I managed to shear Eunice by myself

I've also learned that the local agricultural college runs a three-day sheep shearing course, so I've put my name on the list. And I'm going to practice on a few of Steve and Peggy's sheep, a quiet and less woolly variety.

The fleeces, ready to be cleaned and spun.

All the ewes have been sheared. The ram lambs will go on shortly, in their wool.

I loaded all the lambs in the sheep trailer, and moved them to the paddock across the road. It's the same paddock where they were born, only six months ago. They have each other for company and don't seem distressed by the weaning process. I can see them from my bedroom window, which makes checking on them a breeze. I can also hear them through the bedroom window calling for their dinner.

Which reminds me, I have a small lamb roast in the oven. No relation.


Tina said...

our neighbor just sheared his 7 rained this morning and is chilly for california....poor darlins' looked nekkid!

ooo, lamb roast...i have one that needs roasting...

i'm glad my goats don't shearing!
have the pheasants begun hatching yet?

Paula said...

Jeez what an idyllic picture that last one is! Bucolic, pastoral, all that good stuff. Just looking at you shearing sheep kills my back! I couldn't do it.

I seem to remember you describing being under a sheep in the very same position, although now I can't remember why. You'll get better at it, of course. I think taking a class is a great idea.

Wish I could come for roast lamb and that Ginger Liqueur I see over there. Plus, I'm partial to whiskey and ginger anyway, but together? I'll bring my muck boots and work for my sipper and supper, of course, but just not shearing.

Karen Thomason/Gordon Setter Crossing said...

I wonder if the sheep smell you roast?

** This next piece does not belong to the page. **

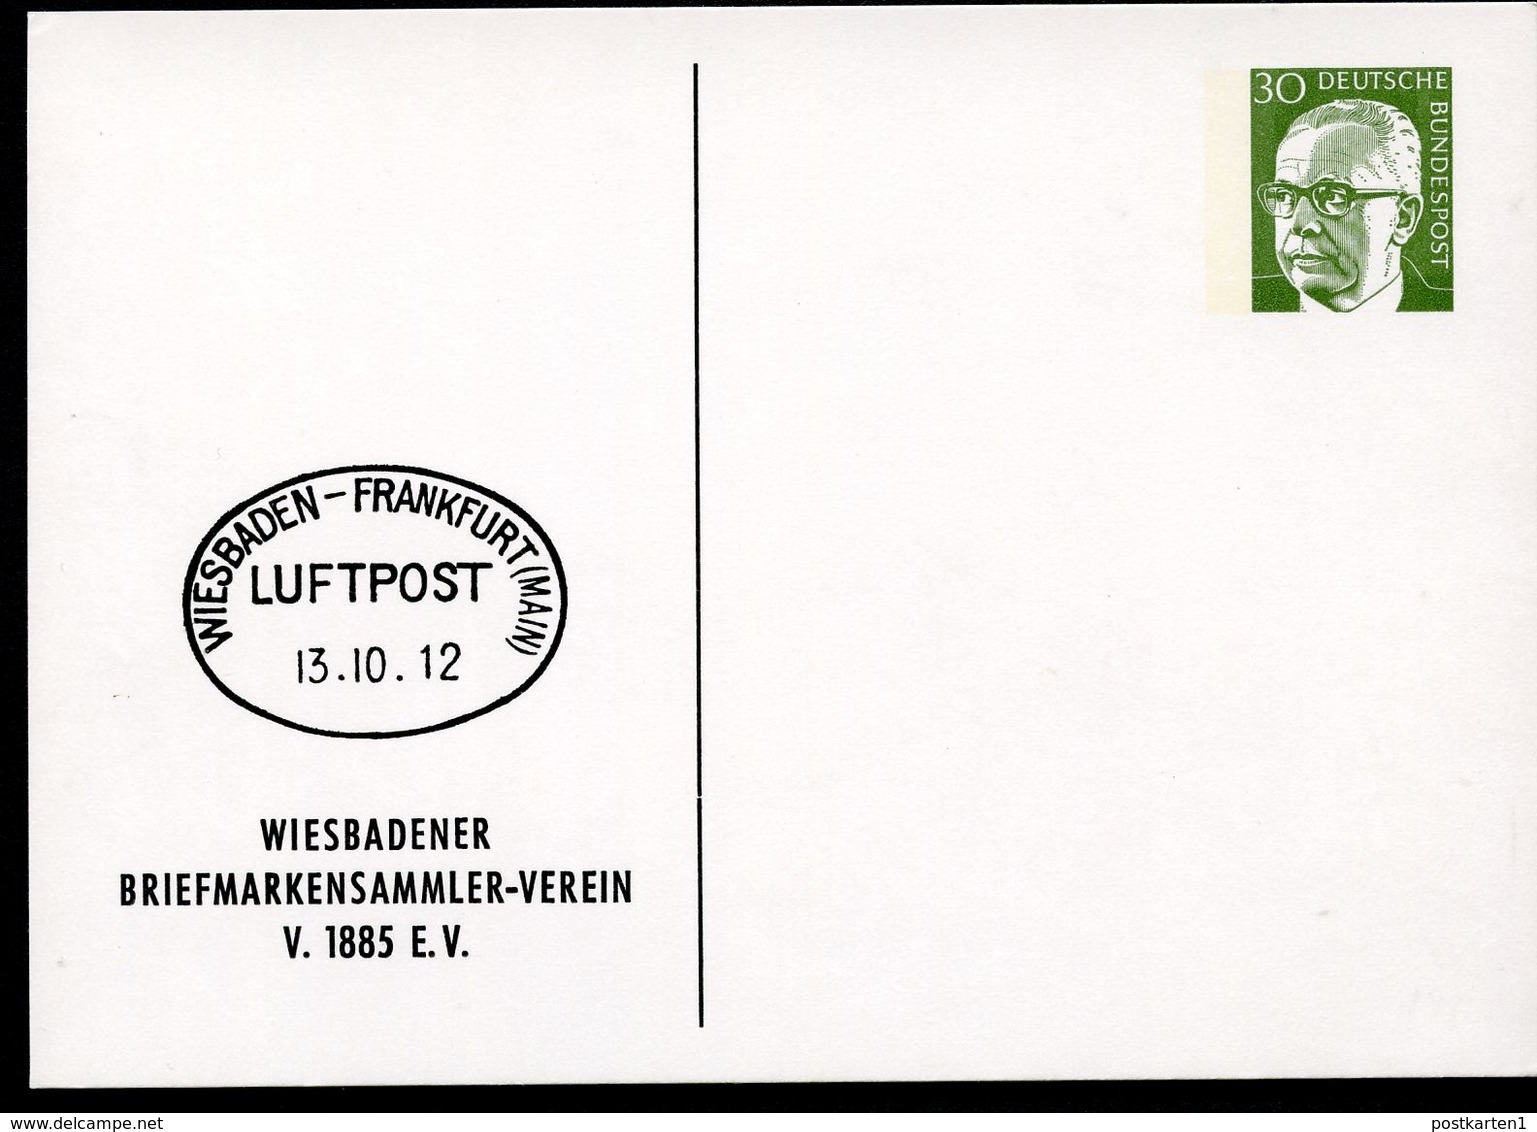 Bund PP46 B2/004-I LUFTPOSTSTEMPEL WIESBADEN - FRANKFURT 1912 1972  NGK 4,00 € - Private Postcards - Mint

Poor Eunice. I could barely tell hooves and wool from eyeballs and know. ha ha

Tamar@StarvingofftheLand said...

I once knew a farmer named Jen,
Who proved her sheep shear mettle when
with shit in her hair
and wool up to there,
She smiled and said, "Let's go again!"

Pomona said...

I planted out lots of peas yesterday, and my father came to visit and opined that there is bound to be a very hard frost in the next month - something to do with misty mornings in March, I think!

It is also far too hot and dry here - we have just seeded an area for potential sheep, who will remain potential at this rate, as we have not had a drop of rain since sowing, and I have a horrible feeling it is not going to sprout at all.

Pomona x

Dog Hair in my Coffee said...

I have been having trouble leaving comments lately, (my computer has issues...don't we all) but I just had to try again to say that the sheep shit in the hair, and roasting lamb in the oven comments had me spitting out coffee as I read this post. I so adore your down to earth sense of humor. It always makes my day!

Christine said...

Your posts always make me laugh...and wince. This reminds me of my husband's comment this morning about me having a speck of goat poop on my lip after milking chores. Not really, just dried blood (mine) from having chapped skin. I'm so glad the goats don't need shearing. It was difficult enough to give them their "dairy clip" with a headlock and electric beard trimmers.